[Activity]
Write out the data that follows exactly, keeping every picture out.

[Data]
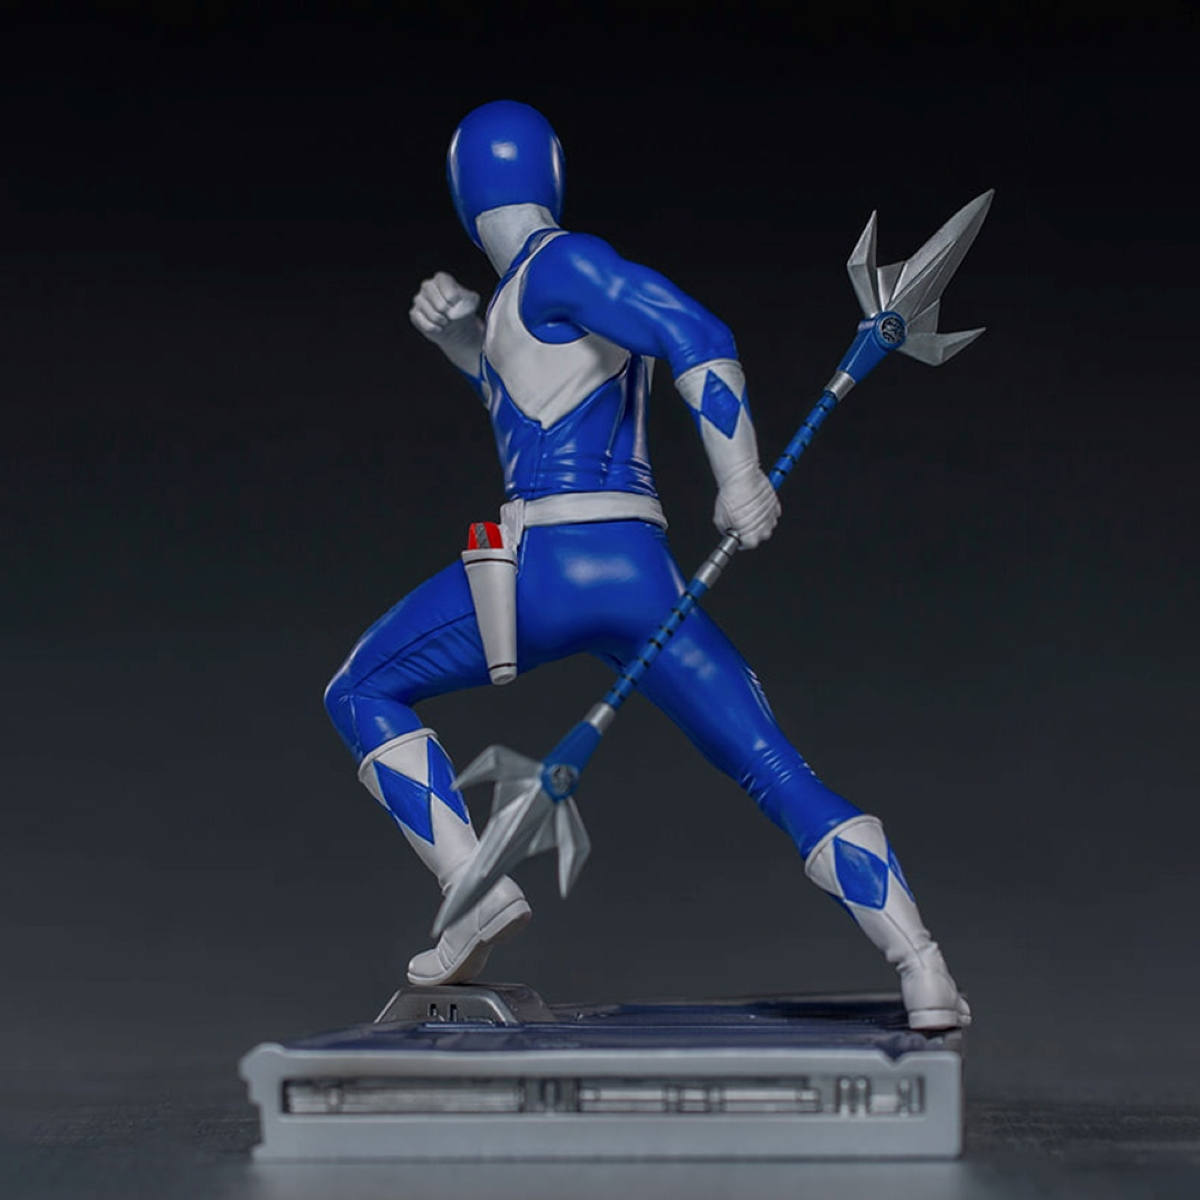 Sammelfigur STUDIOS Blue Power 1/10 - IRON Rangers Statue Ranger
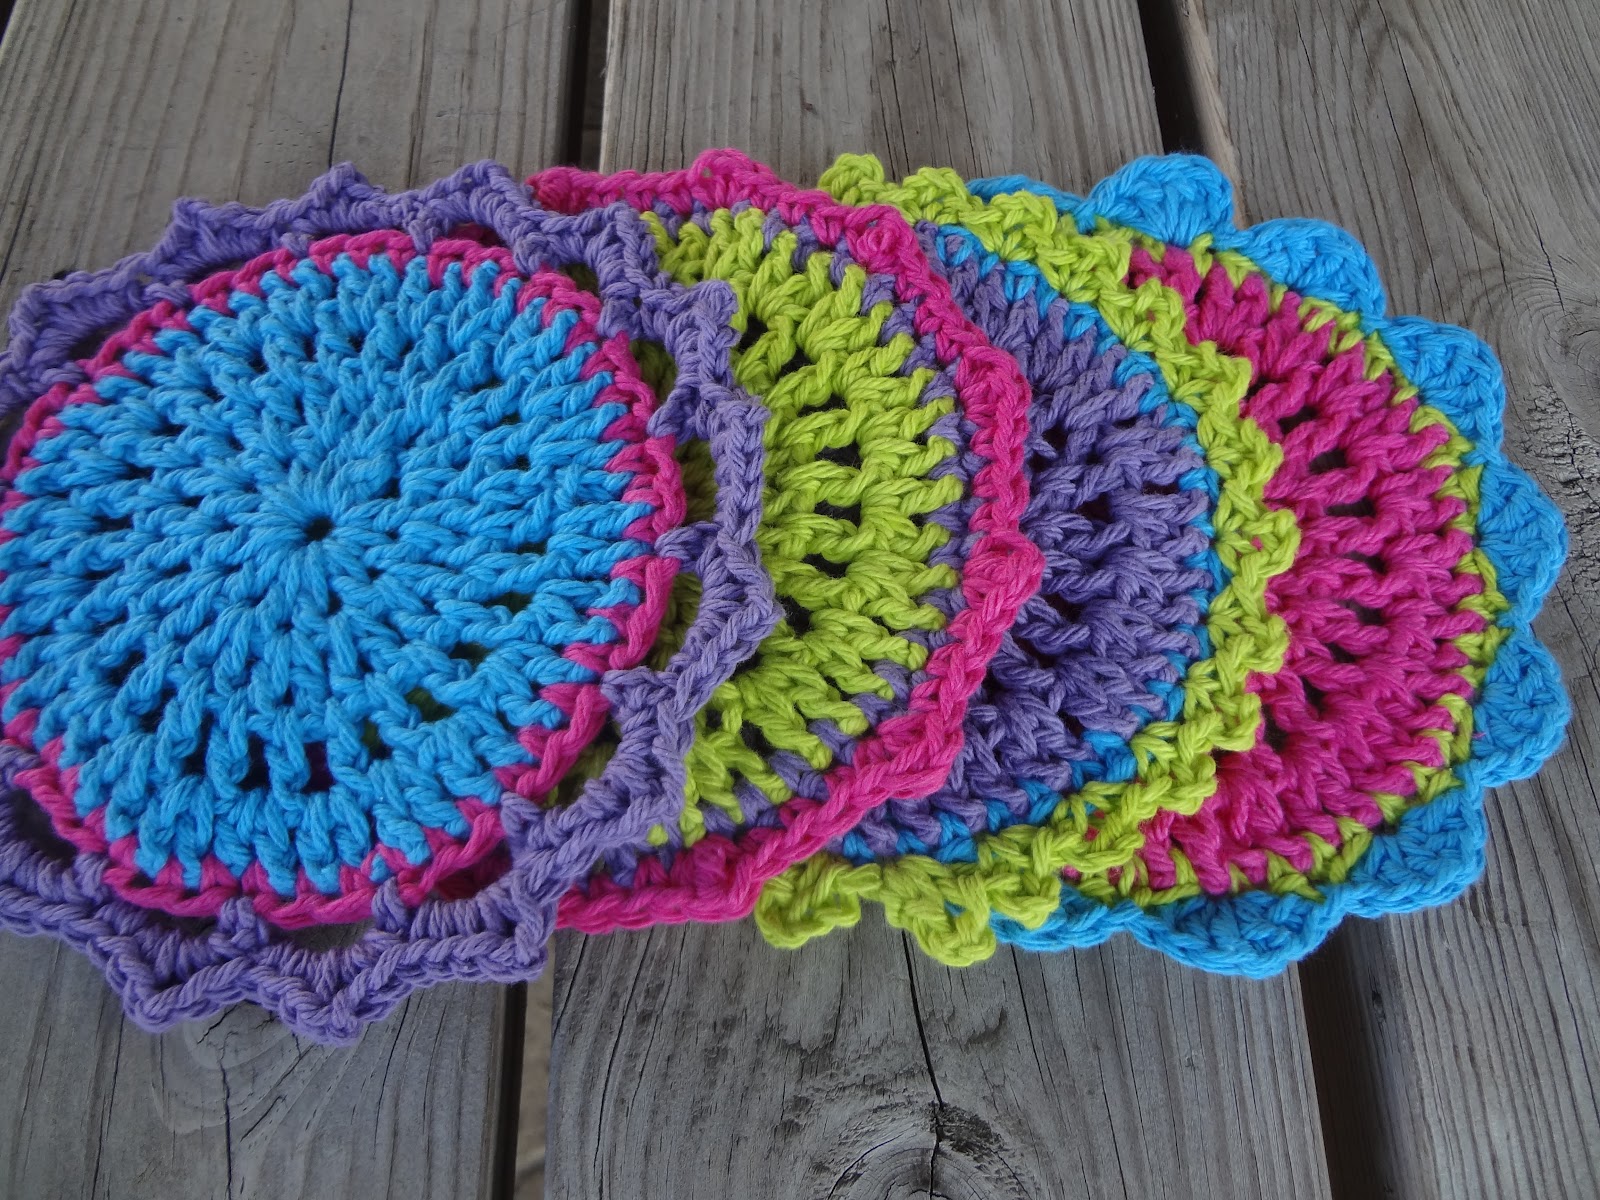 20 Crochet Dishcloth Patterns | Guide Patterns
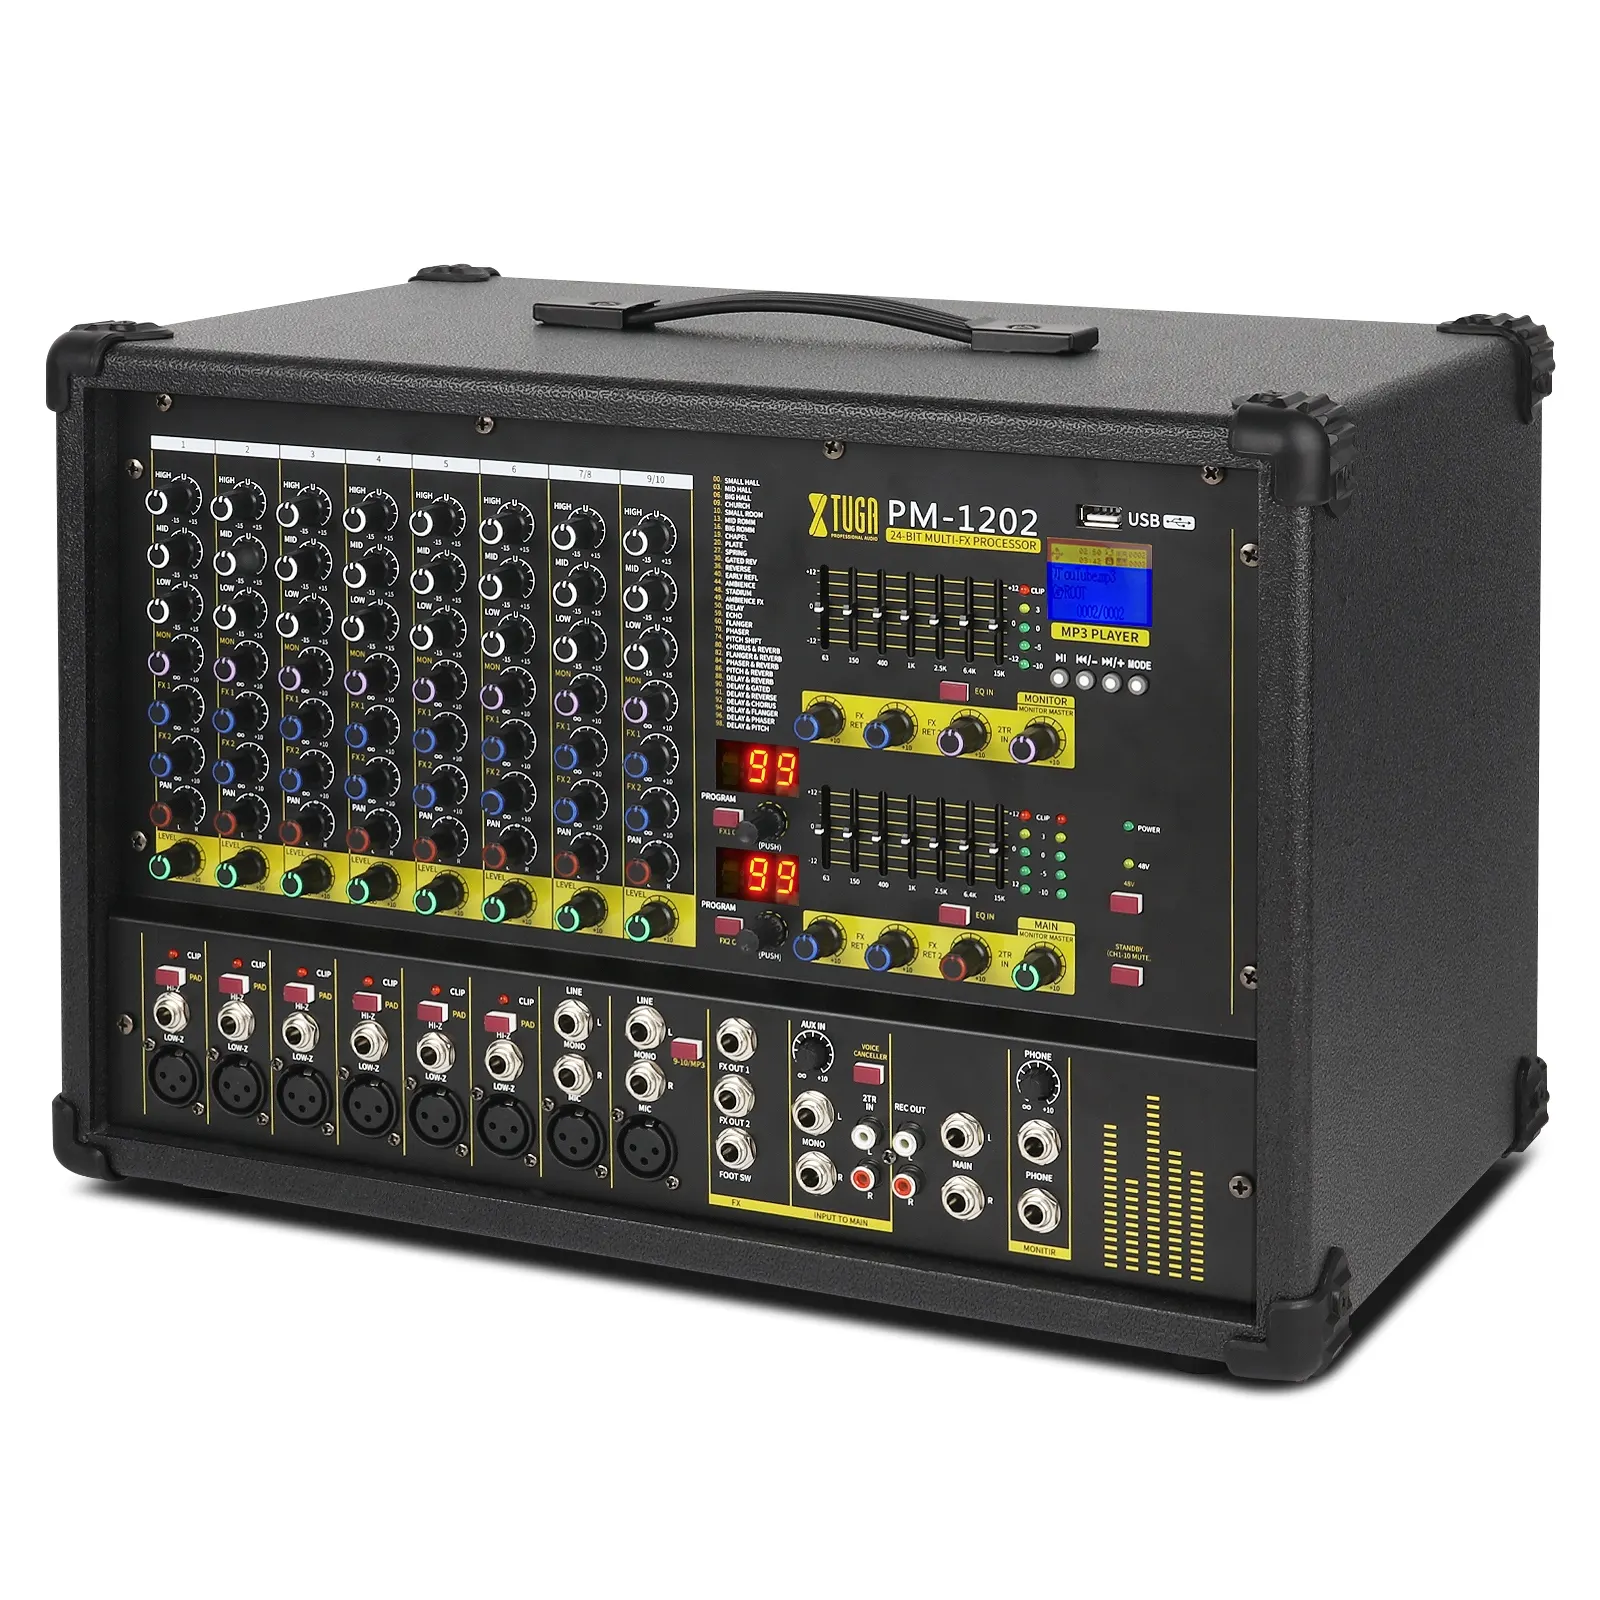 XTUGA PM1202 sistem suara Equalizer bintang 5 Amplifier Mixer Audio profesional 12 saluran Live Karaoke
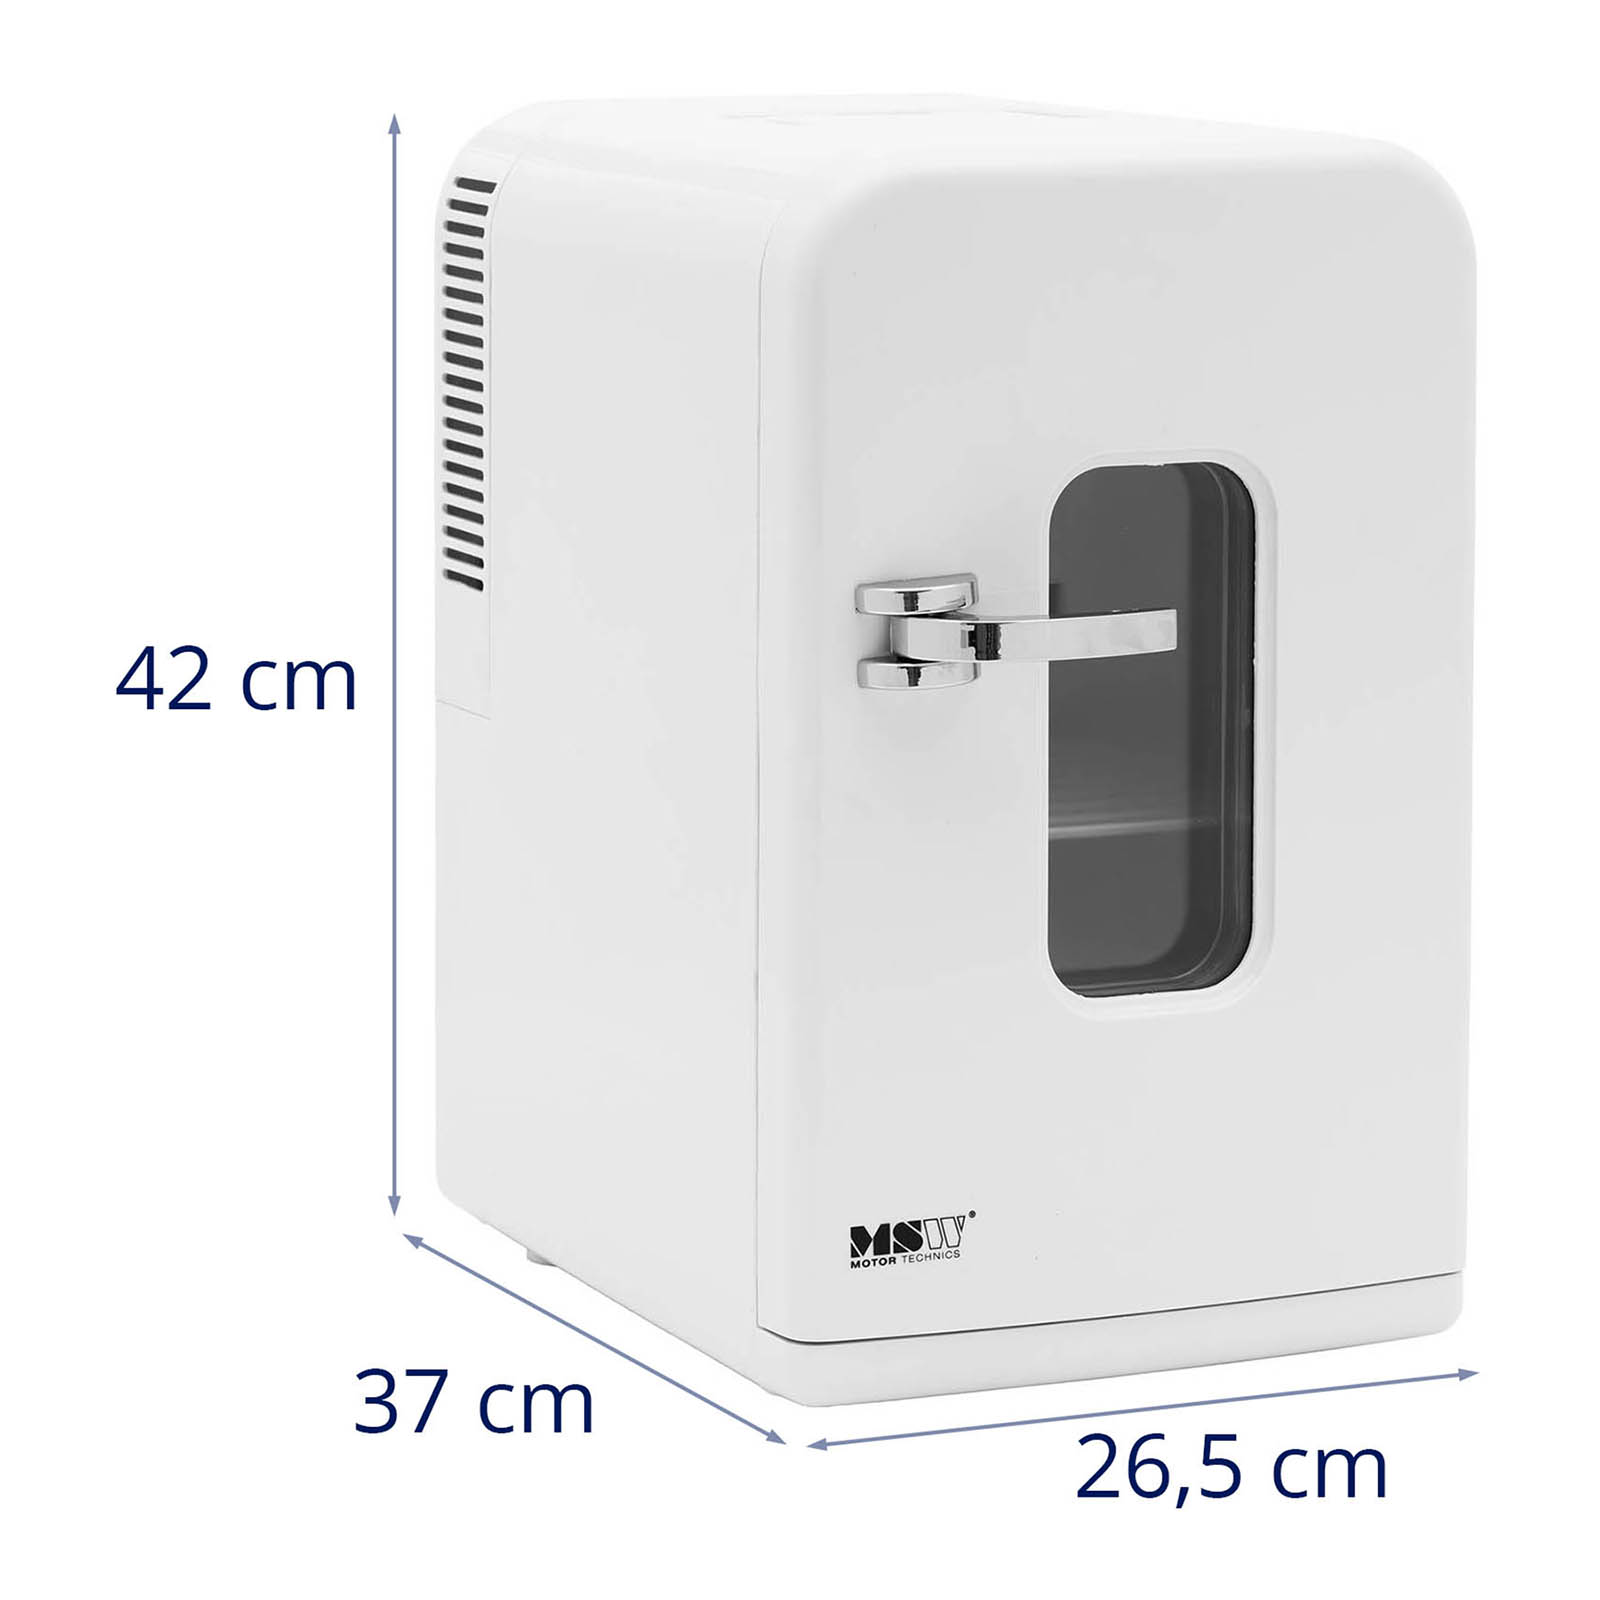 Mini-Kühlschrank 12 V / 230 V - 2-in-1-Gerät mit Warmhaltefunktion - 15 L - Weiß

[Solution]
 Sammelfigur STUDIOS Blue Power 1/10 - IRON Rangers Statue Ranger
 20 Crochet Dishcloth Patterns | Guide Patterns
 XTUGA PM1202 sistem suara Equalizer bintang 5 Amplifier Mixer Audio profesional 12 saluran Live Karaoke
 Mini-Kühlschrank 12 V / 230 V - 2-in-1-Gerät mit Warmhaltefunktion - 15 L - Weiß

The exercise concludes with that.